Review my Combi-Boiler design for my 1923 house?
I'm planning on renovating the unfinished basement of our 1923-era Minneapolis home this summer (~2000 sf if the finished basement is included). The house is currently heated by cast-iron radiators fed by a ~20-year-old Slant/Fin boiler. We've been in the house about 3 years and haven't had any issues with it.
As part of the basement renovation, I'll have to relocate the boiler and WH, and will also
have to move all the boiler piping as it hangs down too far from the ceiling. I figure as longs as I'm doing that, I might as well replace the system with a Combi-Boiler to save a bunch of space.
I'm a structural engineer by practice with zero experience in the hydronics world. But I'm a fast learner once I sink my teeth into something. I've been devouring everything I can read/watch/listen to over the past couple weeks --- I find the Coffee with Calieffi webinars to be supurb.

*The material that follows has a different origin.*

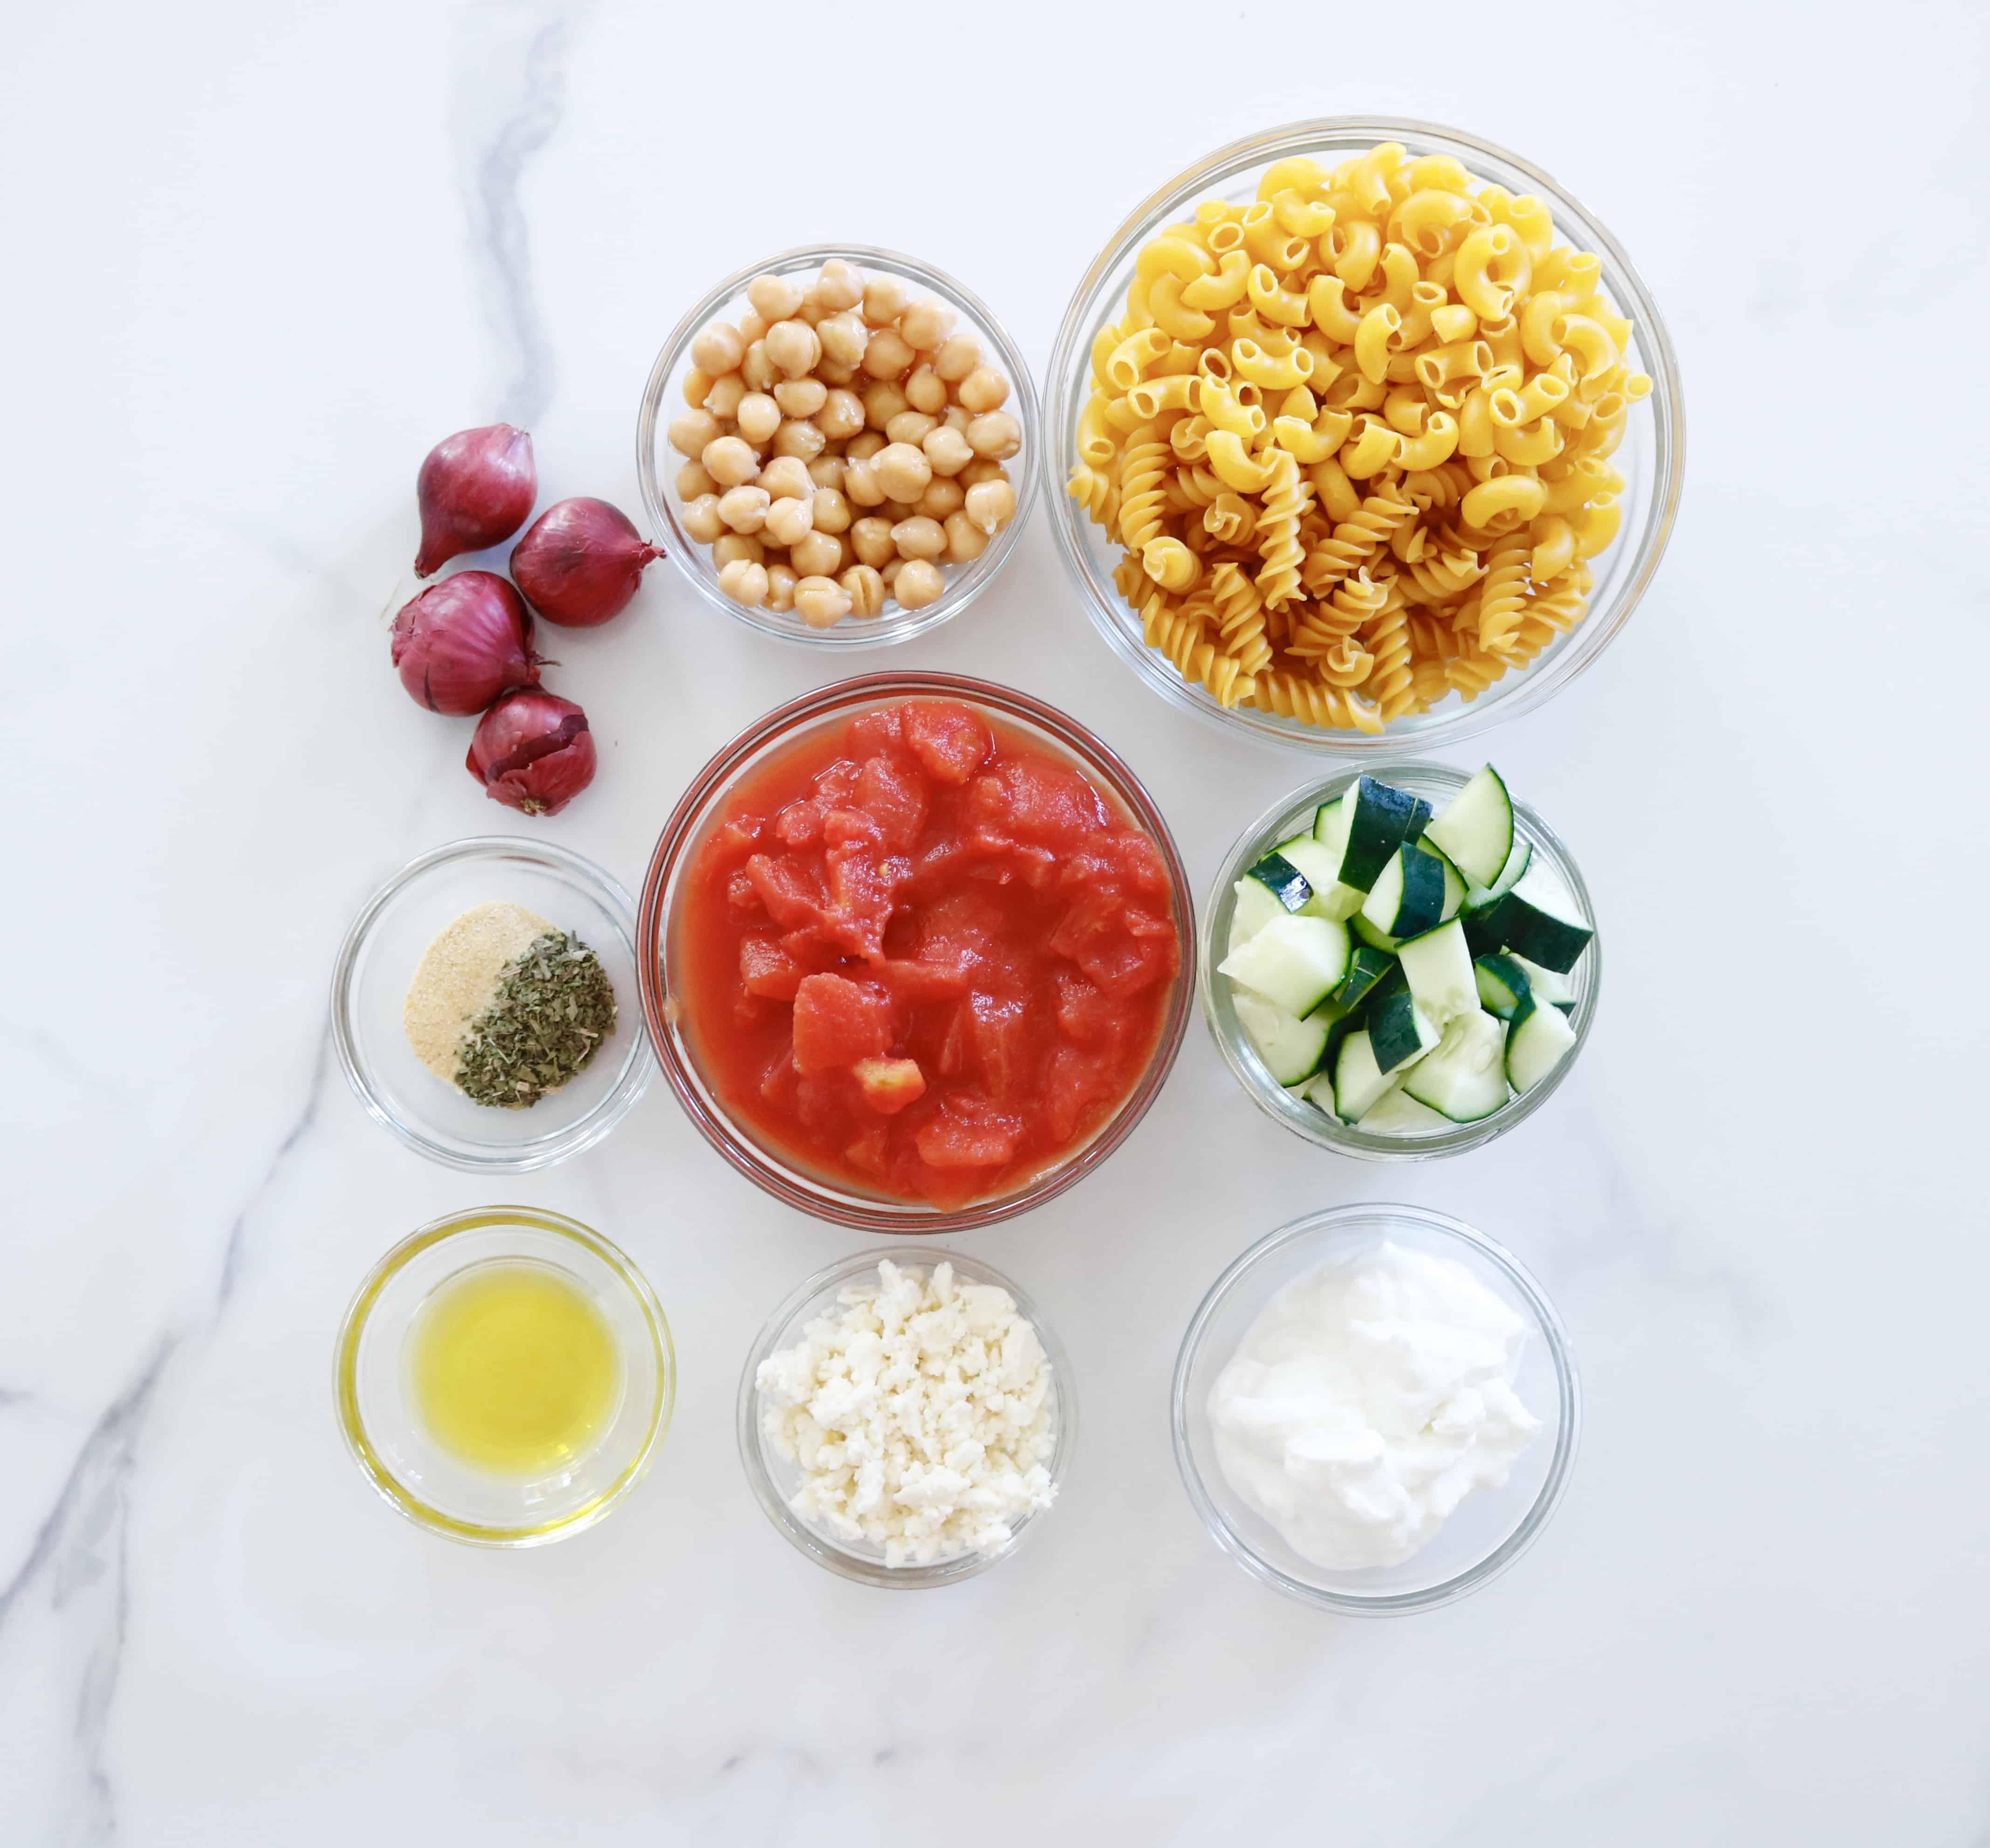 Mediterranean Pasta Salad - Vegetarian & Gluten Free @shawsimpleswaps

So I set about designing the new system for a Combi-Boiler, did the whole Manual J calculation and the whole nine yards. I think I'm settling in on a Navien NCB-240/110H (AHRI 89 kBtu/hr).
I put together the attached hydronics system layout over the past week and am humbly requesting some feedback on my design. I'm smart enough to know that it's probably pretty good, but I'm humble enough to know that this is not my area of expertise, and that there are certain to be some things that I've overlooked.
Questions
- Overall thoughts // comments // questions // concerns // suggestions?
- I've set it up as a true primary/secondary layout, with one secondary circuit for the hot radiators and another secondary circuit for the cooler under-floor radiant heating. Is this overkill?
Navien has a design example (also attached) in which they put two temperatures on one secondary circuit, limiting the primary to a small loop right at the boiler. - Is my placement of the expansion tank okay? All of Navien's example layouts have the tank in the secondary loop (I think mostly because their primary is limited to a small manifold connected to the boiler).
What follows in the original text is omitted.